Supreme Court Agrees To Hear Challenge Against Madras HC Judgment Quashing 10.5% Vanniyar Reservation; Bars Further Appointments Or Admissions Under Quota
The Supreme Court on Thursday issued notice on a batch of special leave petitions filed against the Madras High Court's judgment which quashed the Tamil Nadu law providing internal reservation of 10.5 % to the Vanniyar Community and the 20% reservation to Most Backward Classes within the category of OBCs. While posting the matters for final hearing on February 15, 2022, the Supreme Court...
The Supreme Court on Thursday issued notice on a batch of special leave petitions filed against the Madras High Court's judgment which quashed the Tamil Nadu law providing internal reservation of 10.5 % to the Vanniyar Community and the 20% reservation to Most Backward Classes within the category of OBCs.
While posting the matters for final hearing on February 15, 2022, the Supreme Court observed that admissions or appointments already done under the said quota will not be disturbed.
However, no further appointments or admissions shall be done under the said quota till the matter is heard, the Court added.
The bench clarified that it will not grant any adjournment for the hearing "in view of the importance of the matter and the implications on a large number of students and appointments to be made".
A bench comprising Justice L Nageswara Rao, Justice BR Gavai and Justice BV Nagarathna was hearing a batch of petitions filed by the State of Tamil Nadu, political party Pattali Makkal Katchi(PMK), and a few other individuals.
In its judgment delivered on November 4, 2021, a division bench of the Madras High Court had declared the "Tamil Nadu Special Reservation of seats in Educational Institutions including Private Educational Institutions and appointments or posts in the services under the State within the Reservation for the Most Backward Classes and Denotified Communities Act, 2021" to be ultra-vires the Constitution.
Senior Advocate Dr.Abhishek Manu Singhvi, appearing for the State of Tamil Nadu, argued that Indira Sawhni judgment recognized the concept of sub-classification among backward classes.
Justice Rao then said that arguments have to be made on the point of the competence of the State Legislature to enact the law.
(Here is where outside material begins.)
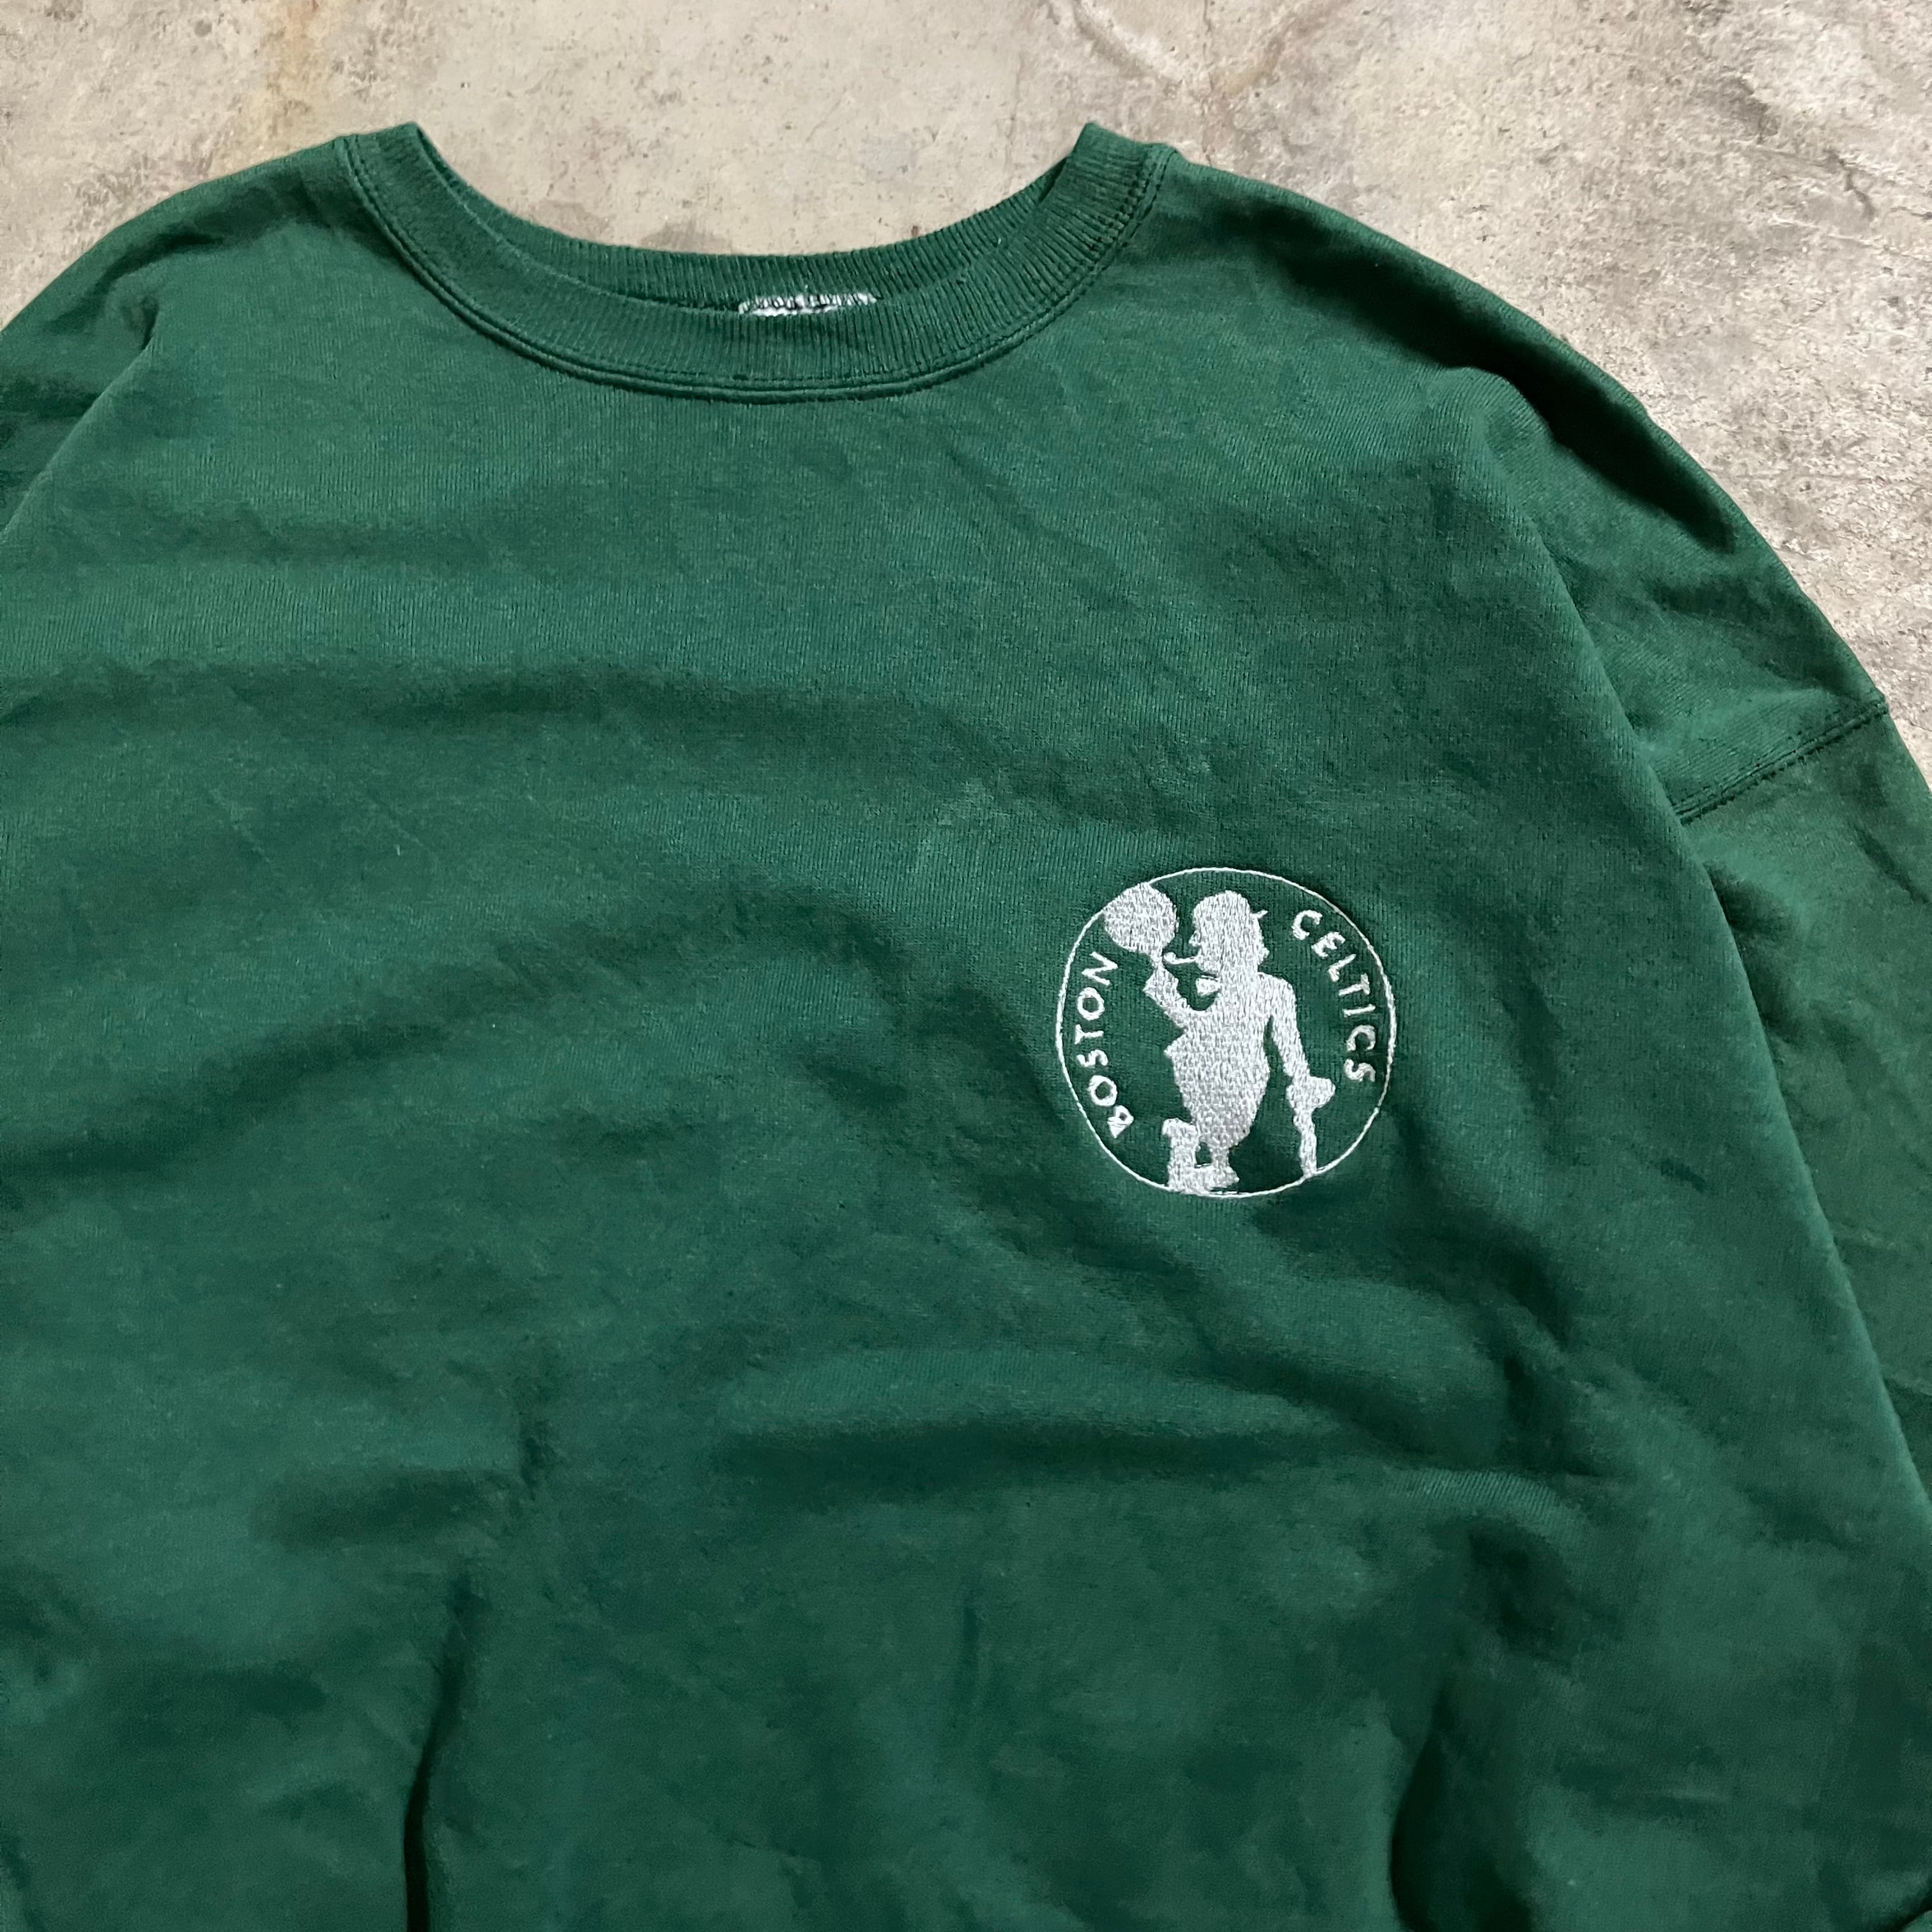 〖Hanes〗90’s NBA Boston･Celtics team logo embroidery sweat/ヘインズ 90年代 NBA  ボストン･セルティックス チーム ロゴ刺繍 スウェット/lsize/#0319/osaka | 〚EINS_archive〛 powered by  BASE

The High Court had taken the view that after the 102nd Constitutional Amendment, the State Legislature lacked the competence to identify Socially and Educationally Backward Classes, and such power was vested with the President alone.
Justice Rao further said that the Court will not stay the High Court's judgment, but will pass an order for the interim arrangement as was done in the case of the Maratha quota case.
Senior Advocates Dushyant Dave, S Nagamuthu, Rakesh Dwivedi, P Wilson, Gopal Shankaranarayanan, Advocate Dama Sheshadri Naidu, Varun Chopra, Parthiban etc., appeared for the parties in the case.
The Madras High Court had observed that though the 105th Constitutional Amendment restored the power of States to identify SEBCs by nullifying the effect of the Maratha quota case judgment since the legislation was passed before the 105th amendment, the State lacked the competence for the same.
"We are of the opinion that the Constitution (102nd Amendment) Act, 2018, came into existence on 11.08.2018 and the Constitution (105th Amendment) Act, 2021, was enacted on 19.08.2021 and whereas the impugned Act 8 of 2021 came to be enacted on 26.02.2021 and therefore, we hold that as on the date of enactment of the impugned Act, the State Legislature has no power to enact such legislation and accordingly, the State Legislature has no competency to pass the impugned Act", a division bench comprising Justices M. Duraiswamy and K. Murali Shankar observed.
The High Court also held that the sub-classification in favour of Vanniyars was made solely on the basis of caste without any study or data on backwardness.
"…The impugned enactment has been passed by the state without any quantifiable data on population, socio educational status and representation of the backward classes in the services and the sub-classification done by virtue of the impugned act solely based on population data, in the absence of any objective criteria, is illegal in the eye of law and in violation of the Constitution of India," the High Court said.
The High Court clarified that the order nullifying the reservation will not impact those who have been admitted to institutions under the quota.
On August 25, 2021, the High Court had passed an interim order that every admission or appointment made under the quota will be subject to the final outcome of the challenge. The Supreme Court today observed that the same order will continue to operate during the pendency of the matter before it.